(Work required)
Using the listing below, please print exactly the lines from the one with "三重県鈴鹿市コロナ電気温水器" through the one with "Der Praia del". Leave out every picture.
── Extracted information
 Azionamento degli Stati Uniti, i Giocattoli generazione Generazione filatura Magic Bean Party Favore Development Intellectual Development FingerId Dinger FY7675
────
── Extracted information
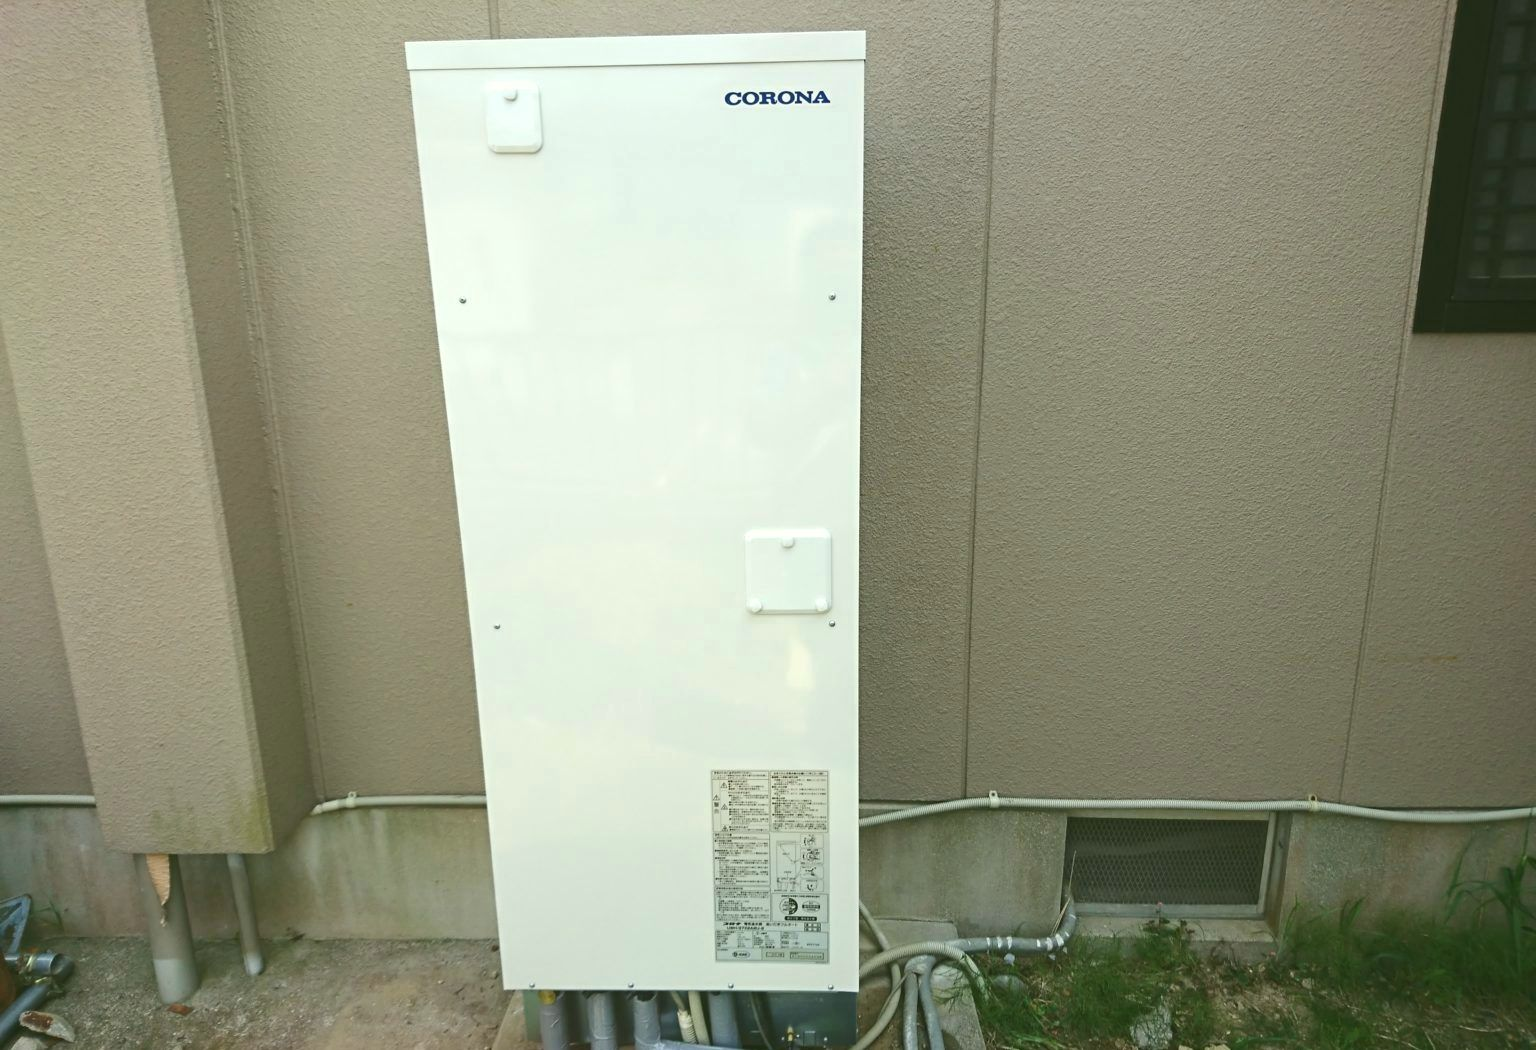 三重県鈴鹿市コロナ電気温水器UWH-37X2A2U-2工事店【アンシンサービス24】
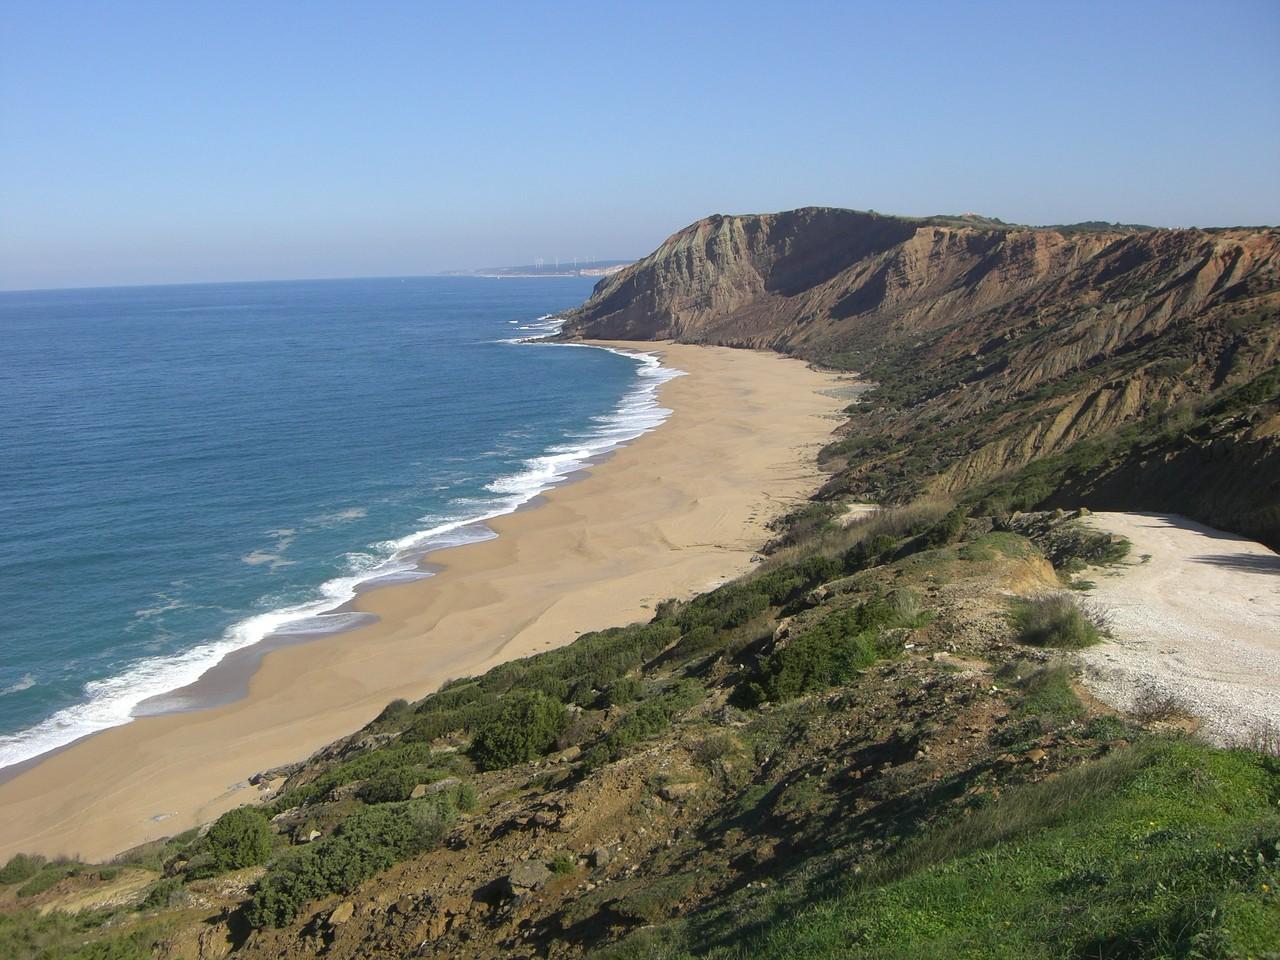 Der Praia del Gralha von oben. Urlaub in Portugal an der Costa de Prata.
────
(Solution)
 三重県鈴鹿市コロナ電気温水器UWH-37X2A2U-2工事店【アンシンサービス24】
 Der Praia del Gralha von oben. Urlaub in Portugal an der Costa de Prata.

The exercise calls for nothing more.